ECLI:NL:RBAMS:2015:6788
Rechtbank Amsterdam
- Wraking
- Rechtspraak.nl
Wrakingsverzoek niet-ontvankelijk na uitspraak door de kantonrechter
In deze zaak heeft de Rechtbank Amsterdam op 8 april 2015 uitspraak gedaan over een wrakingsverzoek van een verzoeker, dat was ingediend na de uitspraak van de kantonrechter op 26 maart 2015. De verzoeker had bezwaar gemaakt tegen een administratiefrechtelijke sanctie die hem was opgelegd wegens een verkeersovertreding. Na afwijzing van zijn bezwaar door de officier van justitie, had hij beroep ingesteld bij de kantonrechter. Tijdens de zitting op 26 maart 2015 heeft de kantonrechter de beslissing van de officier van justitie vernietigd, maar de initiële beschikking in stand gelaten. De verzoeker heeft tijdens deze zitting aangegeven de kantonrechter te willen wraken, omdat deze geen aandacht had besteed aan een video-opname die de verzoeker had gemaakt en waarnaar hij verwees in zijn beroepschrift.

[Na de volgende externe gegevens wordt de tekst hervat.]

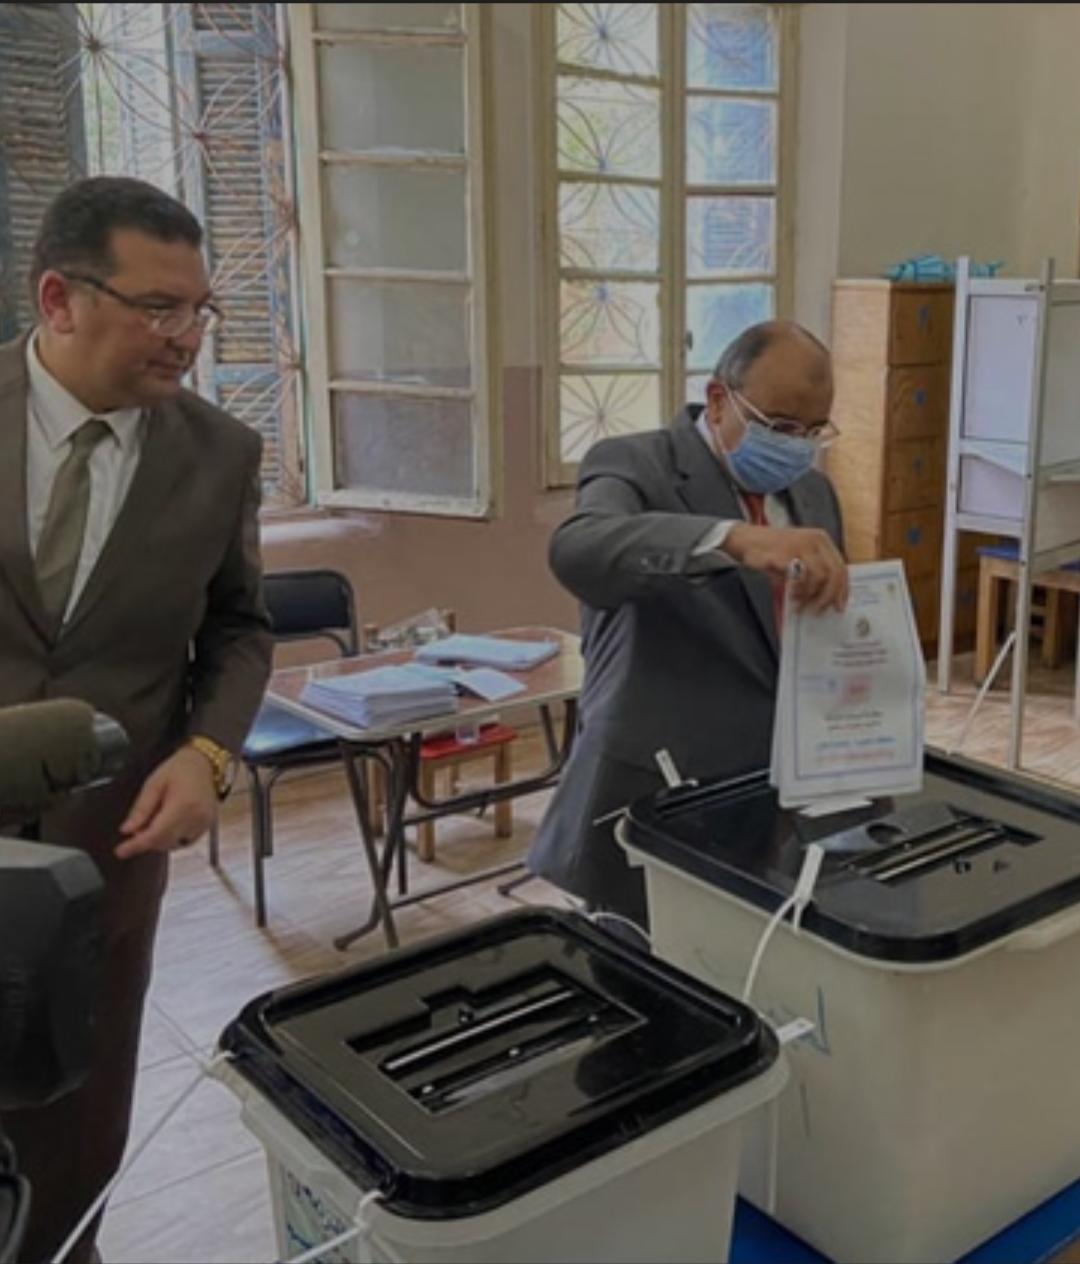   ‏وزير التنمية المحلية يدلي بصوته في انتخابات مجلس الشيوخ بمدرسة الحرية بمصر الجديدة

De rechtbank heeft vastgesteld dat het wrakingsverzoek te laat is ingediend, aangezien het verzoek is gedaan na de uitspraak van de kantonrechter. Volgens artikel 512 van het Wetboek van Strafvordering kan een wrakingsverzoek niet meer worden gedaan nadat in de zaak uitspraak is gedaan. De rechtbank heeft geconcludeerd dat er geen aanleiding is voor een mondelinge behandeling van het verzoek, omdat de verzoeker niet-ontvankelijk wordt verklaard in zijn verzoek tot wraking. De beslissing van de rechtbank is dat de verzoeker niet-ontvankelijk wordt verklaard in zijn wrakingsverzoek, en tegen deze beslissing staat geen voorziening open op grond van artikel 515 lid 5 Sv.